§ **WHAT THE TASK REQUIRES**:
All of the data, except its images, should be set down exactly as it appears.

§ **INPUT DATA**:
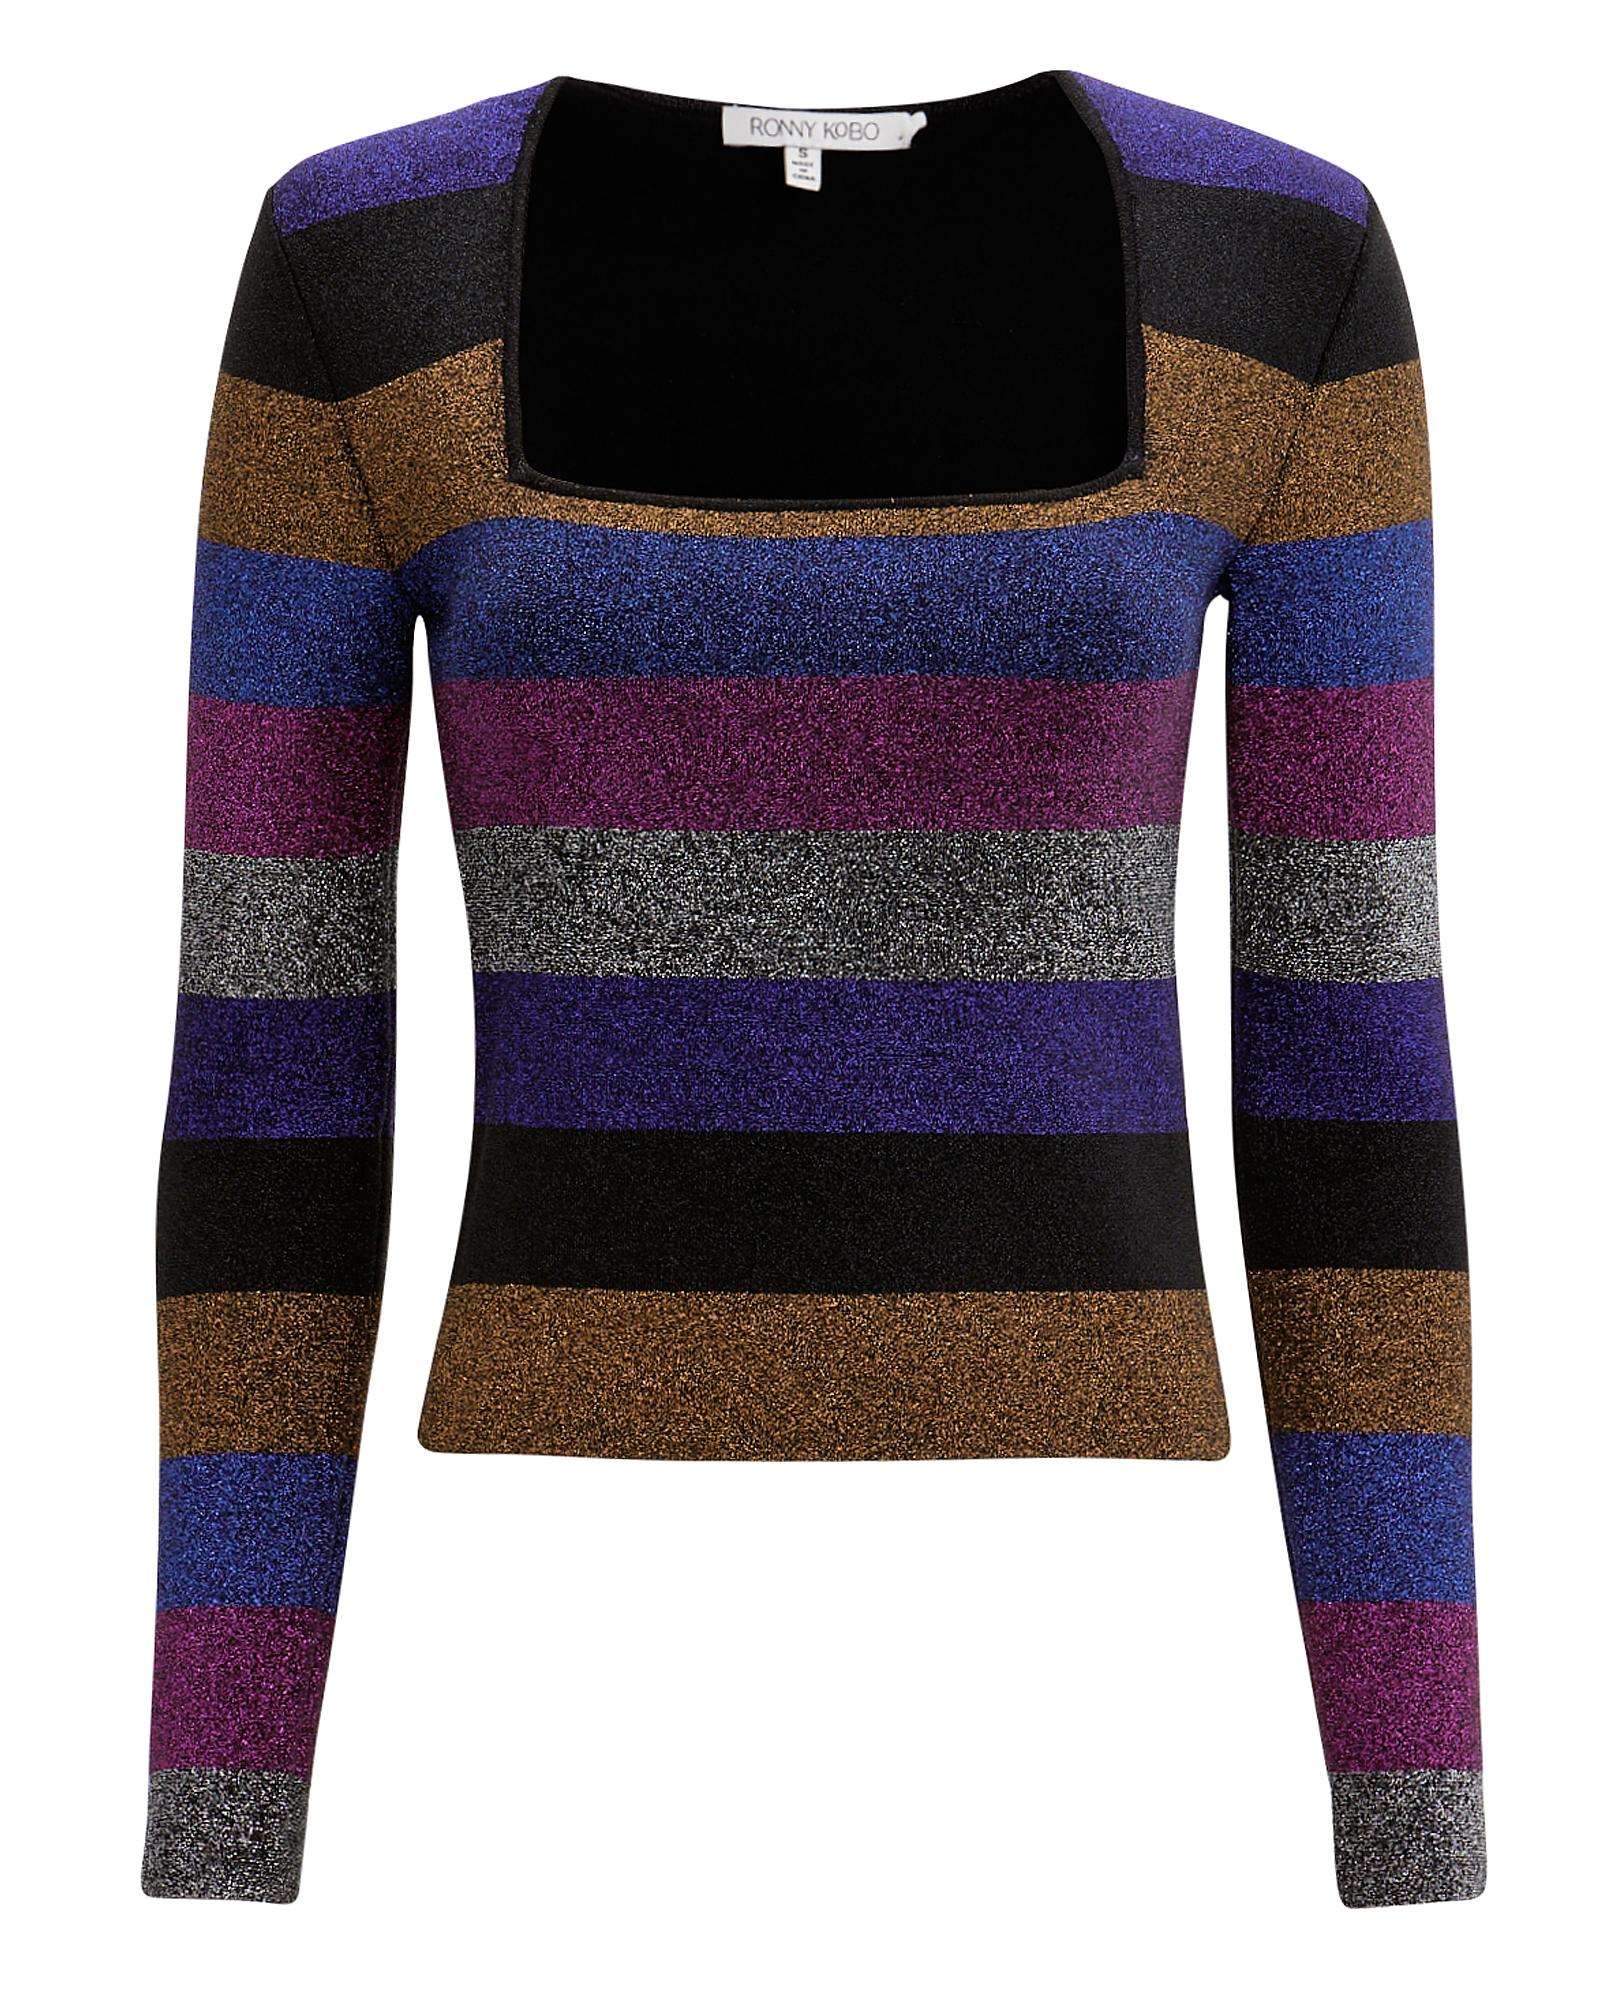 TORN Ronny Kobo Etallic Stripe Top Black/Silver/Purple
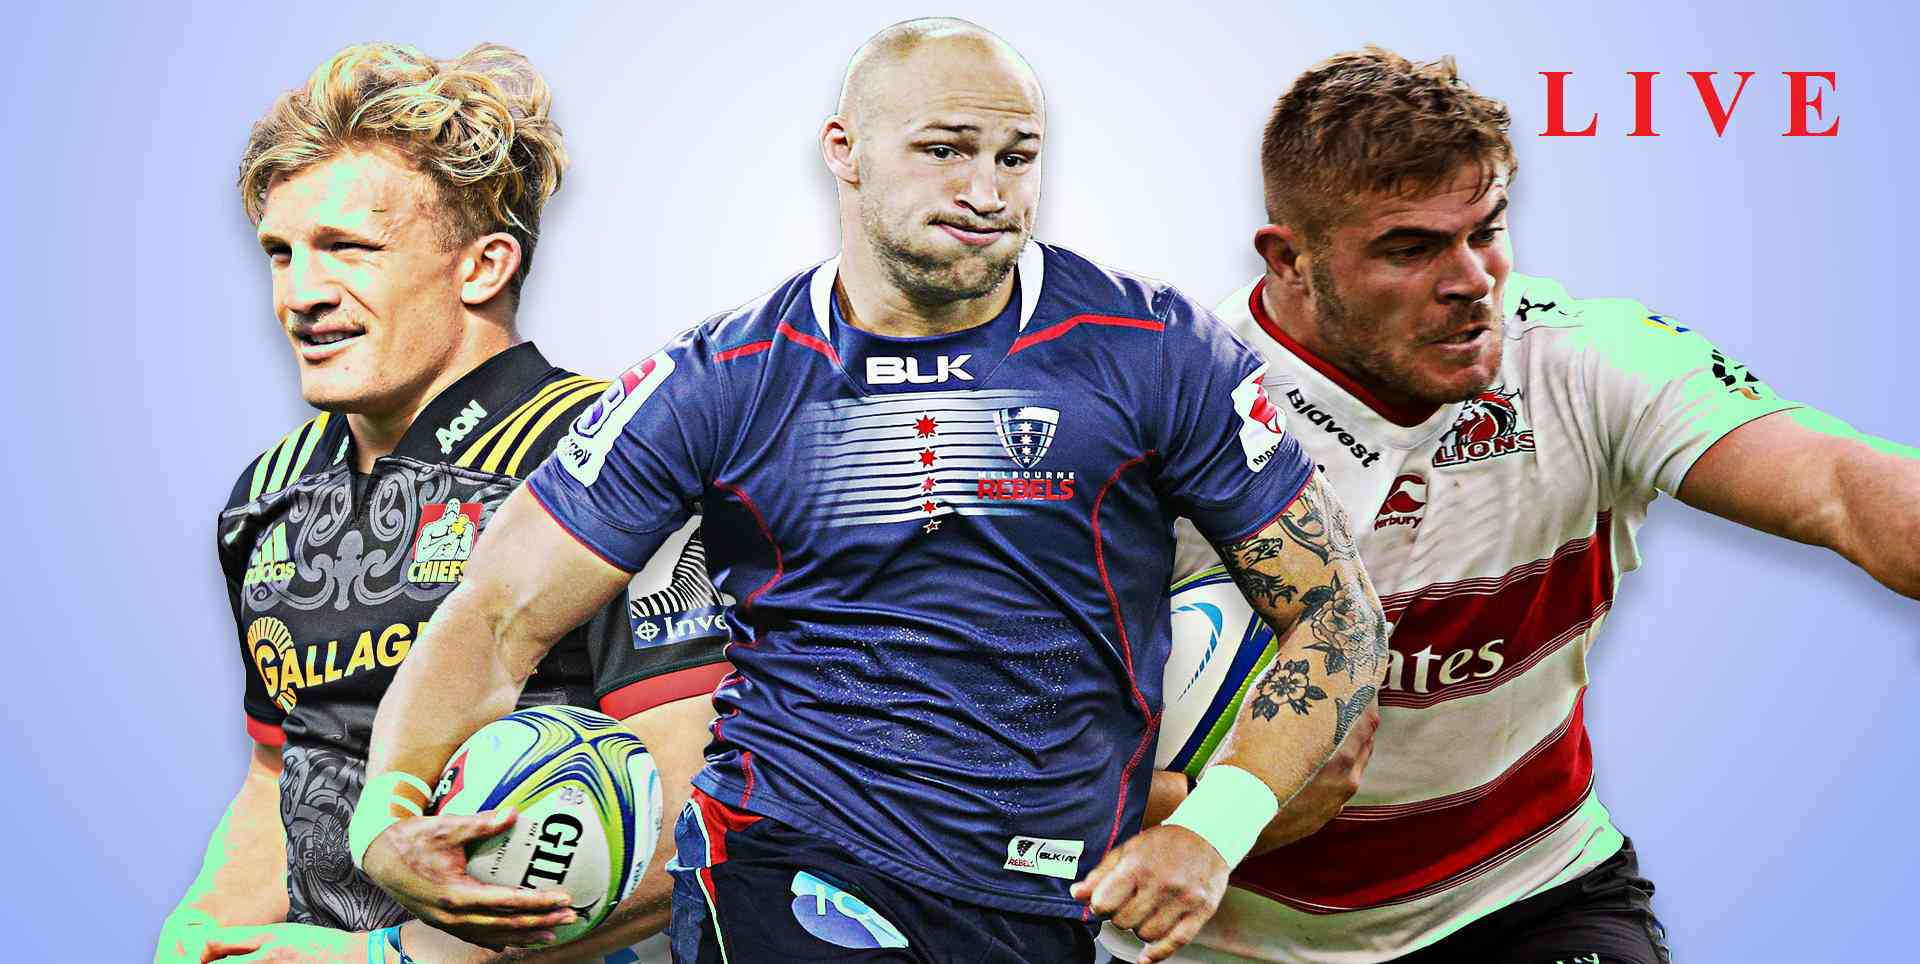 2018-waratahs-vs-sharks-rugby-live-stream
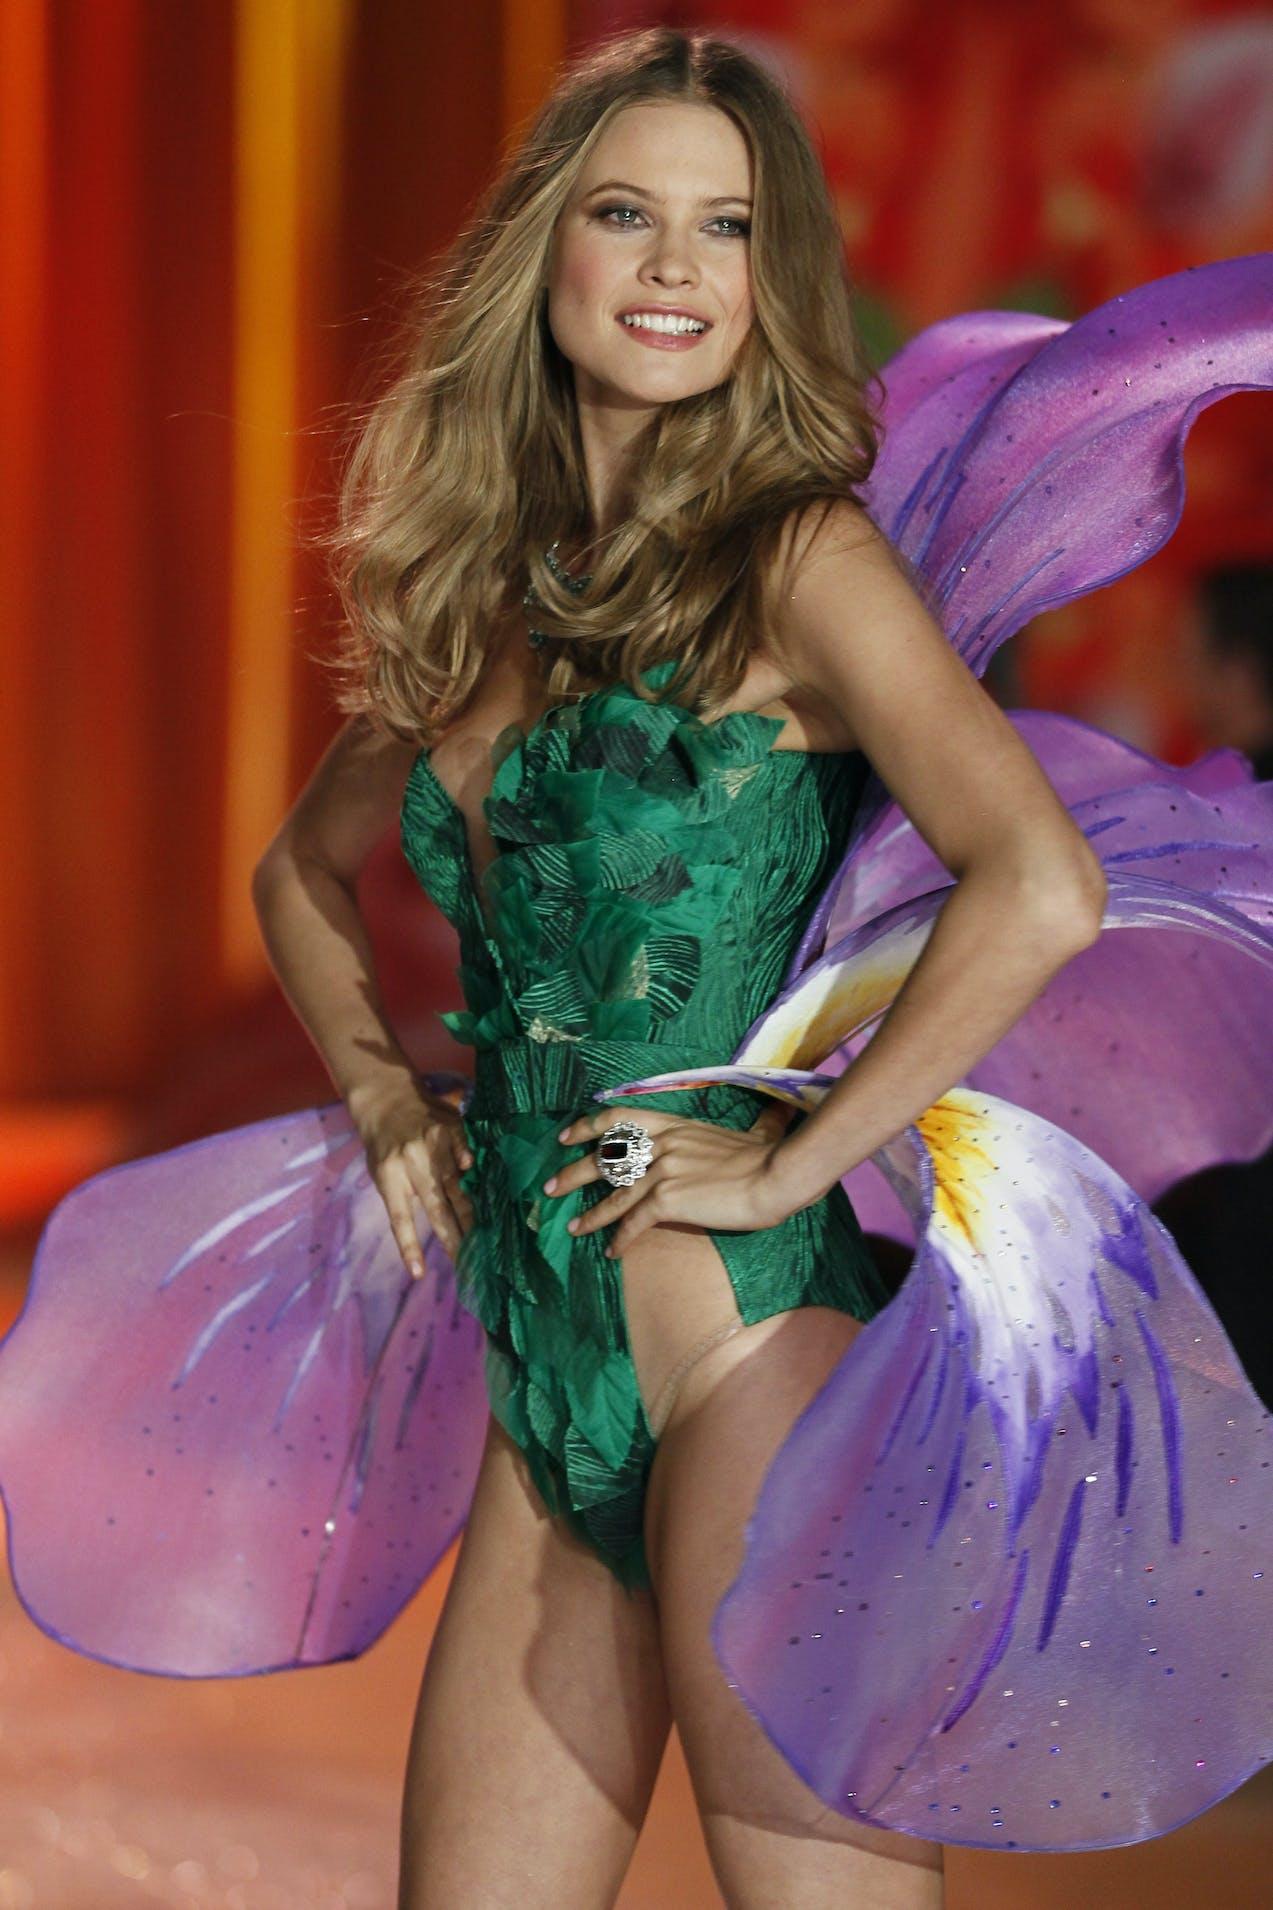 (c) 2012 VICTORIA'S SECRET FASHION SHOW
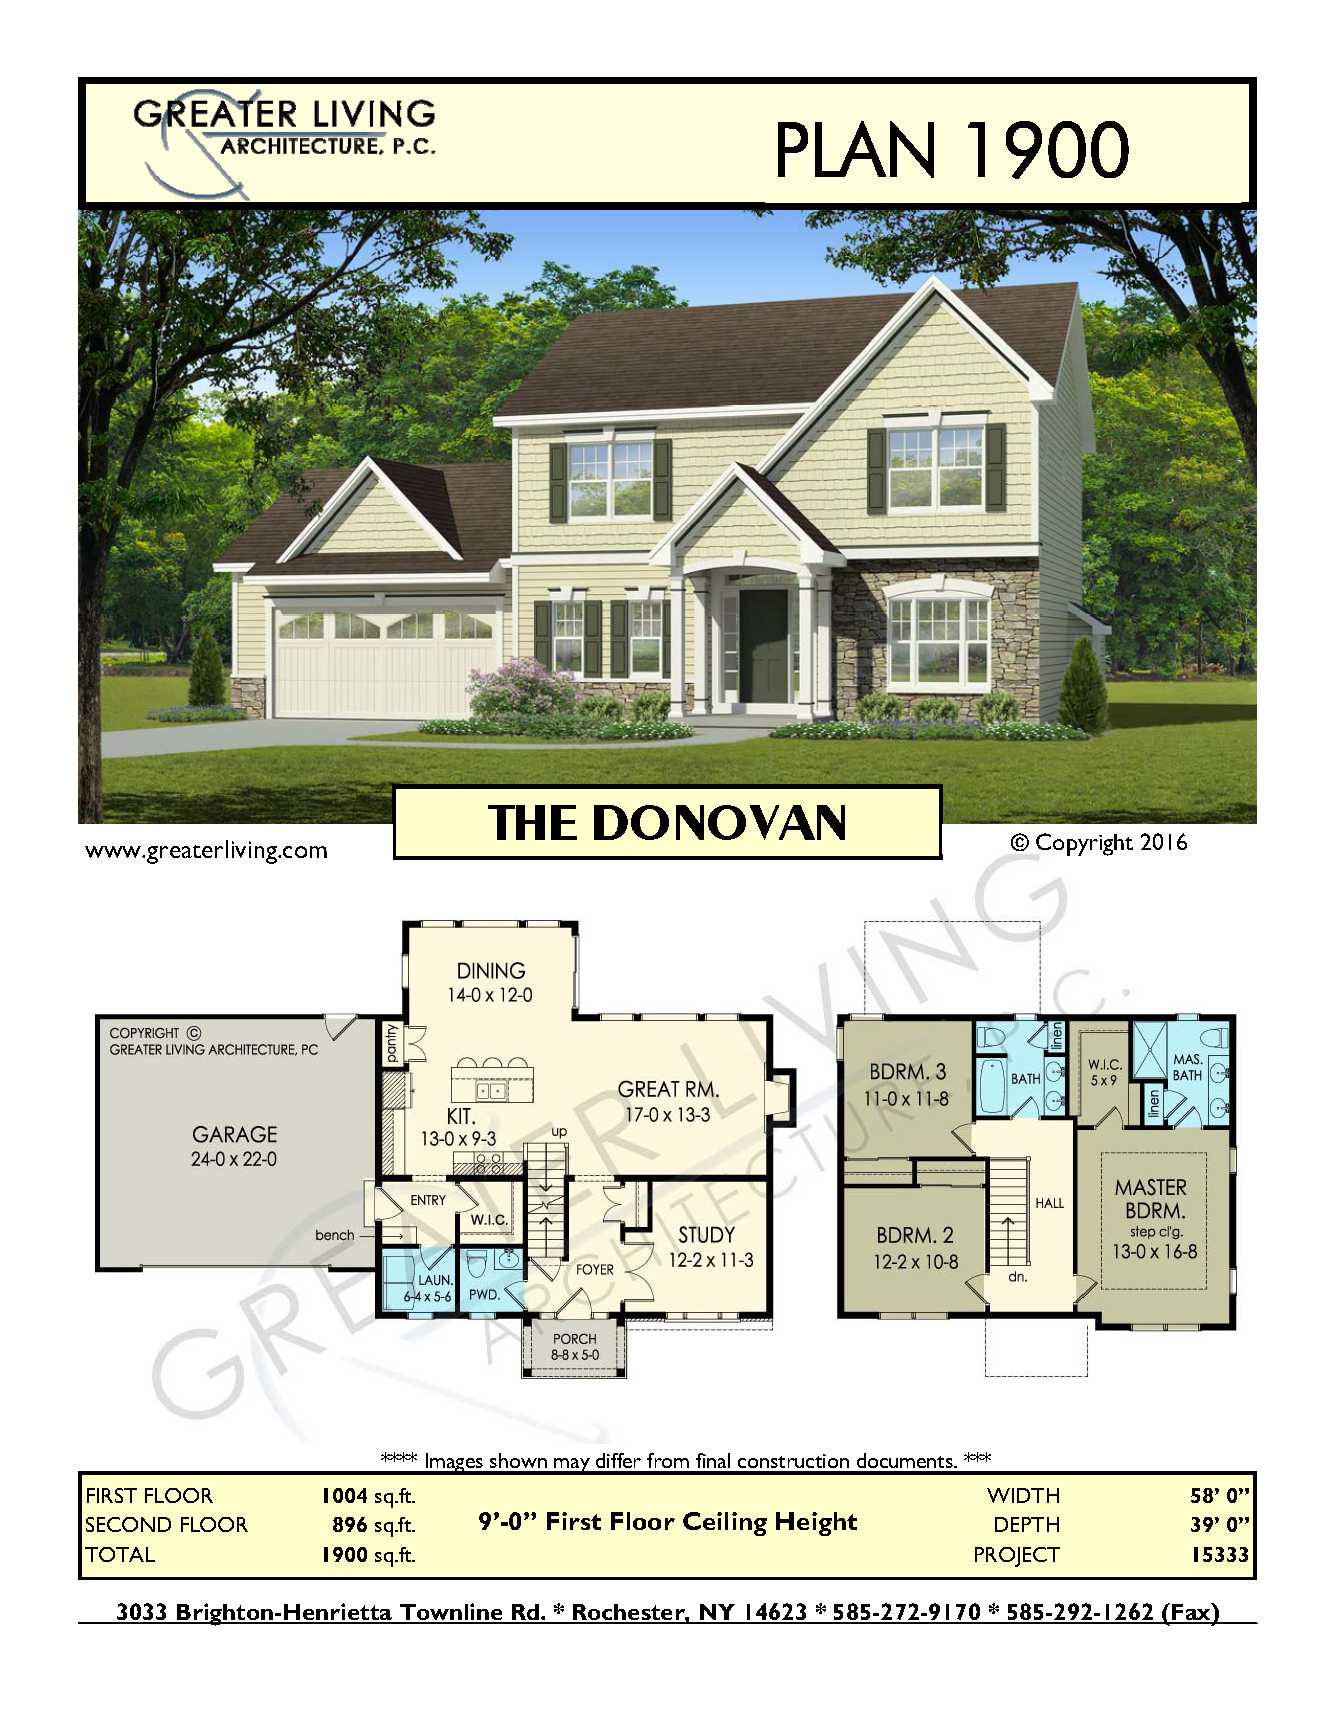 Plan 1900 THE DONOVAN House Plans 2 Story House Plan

§ **RESPONSE AREA**:
 TORN Ronny Kobo Etallic Stripe Top Black/Silver/Purple
 2018-waratahs-vs-sharks-rugby-live-stream
 (c) 2012 VICTORIA'S SECRET FASHION SHOW
 Plan 1900 THE DONOVAN House Plans 2 Story House Plan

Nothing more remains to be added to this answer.